Will this protect him against a slightly funded and half motivated actor?
Probably not.

“Announcing Jameson Lopp as a speaker at Baltic Honeybadger 2019 Bitcoin
conference #bh2019, (link:
[https://bh2019.hodlhodl.com](https://bh2019.hodlhodl.com))
bh2019.hodlhodl.com”

[https://twitter.com/hodlhodl/status/1099286199783481350](https://twitter.com/hodlhodl/status/1099286199783481350)

Unless he is making a virtual appearance, just follow him or grab him there.

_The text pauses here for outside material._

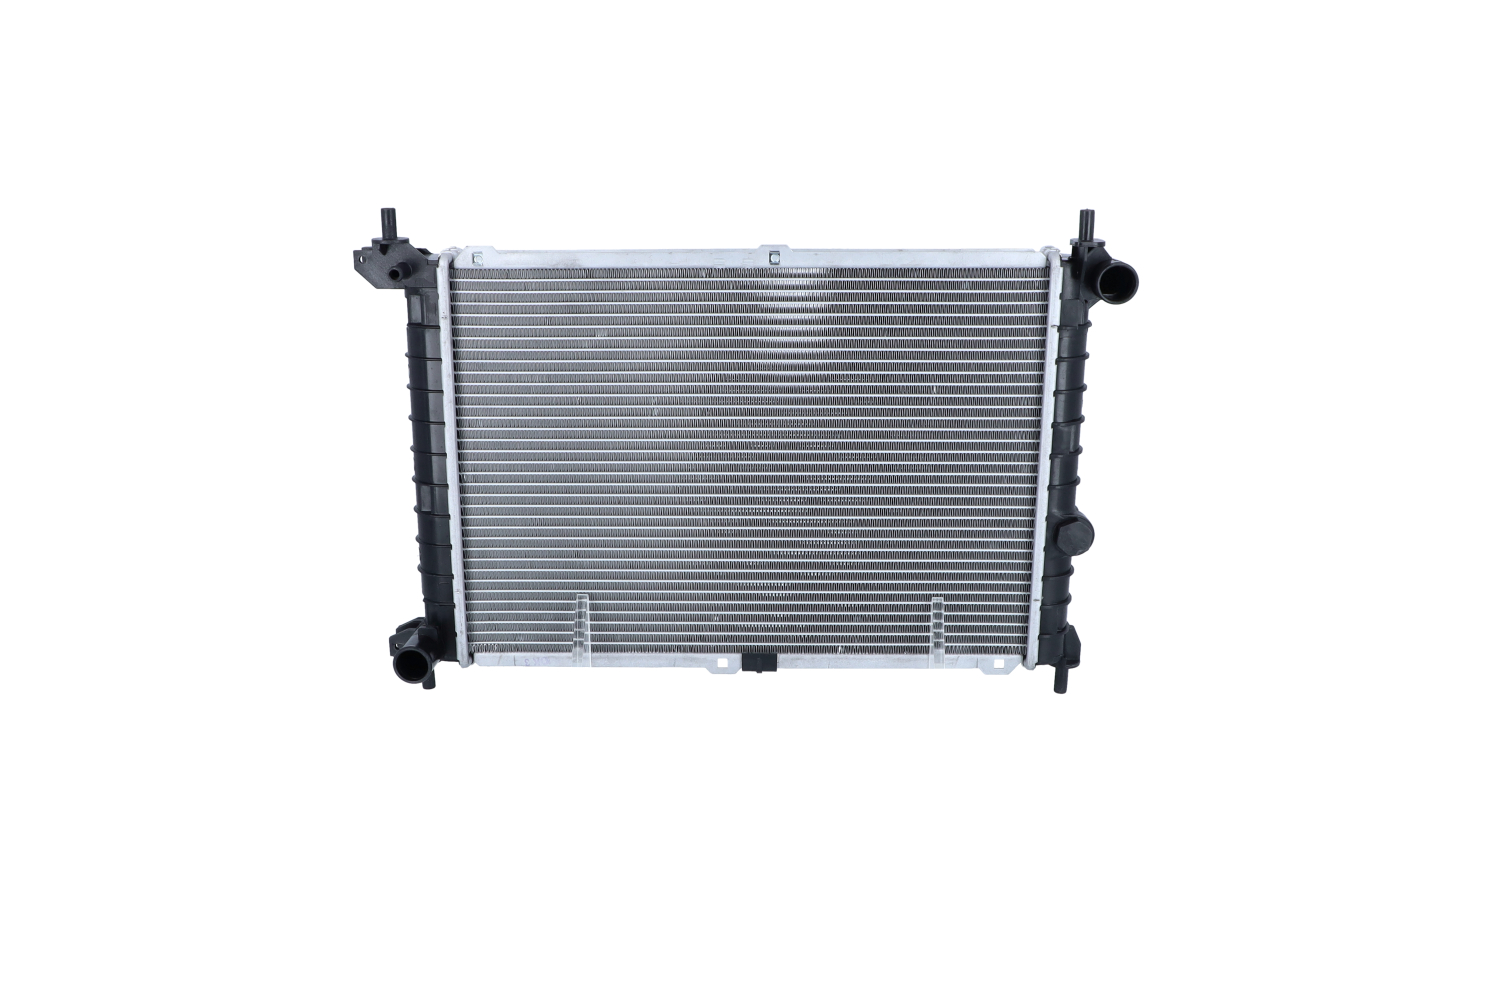 NRF 52142 Engine radiator Aluminium, 500 x 346 x 42 mm, with mounting parts, Brazed cooling fins

EDIT: I should make it clear I’m not just referencing the article but also the
twitter conversations I’ve seen from th author (swatting is a good reason to
take some of these steps obviously). For example,
[https://twitter.com/lopp/status/920669889064570880](https://twitter.com/lopp/status/920669889064570880).
He even comments himself in that thread “Local PD isn't going to send out the
SWAT team again without calling me first”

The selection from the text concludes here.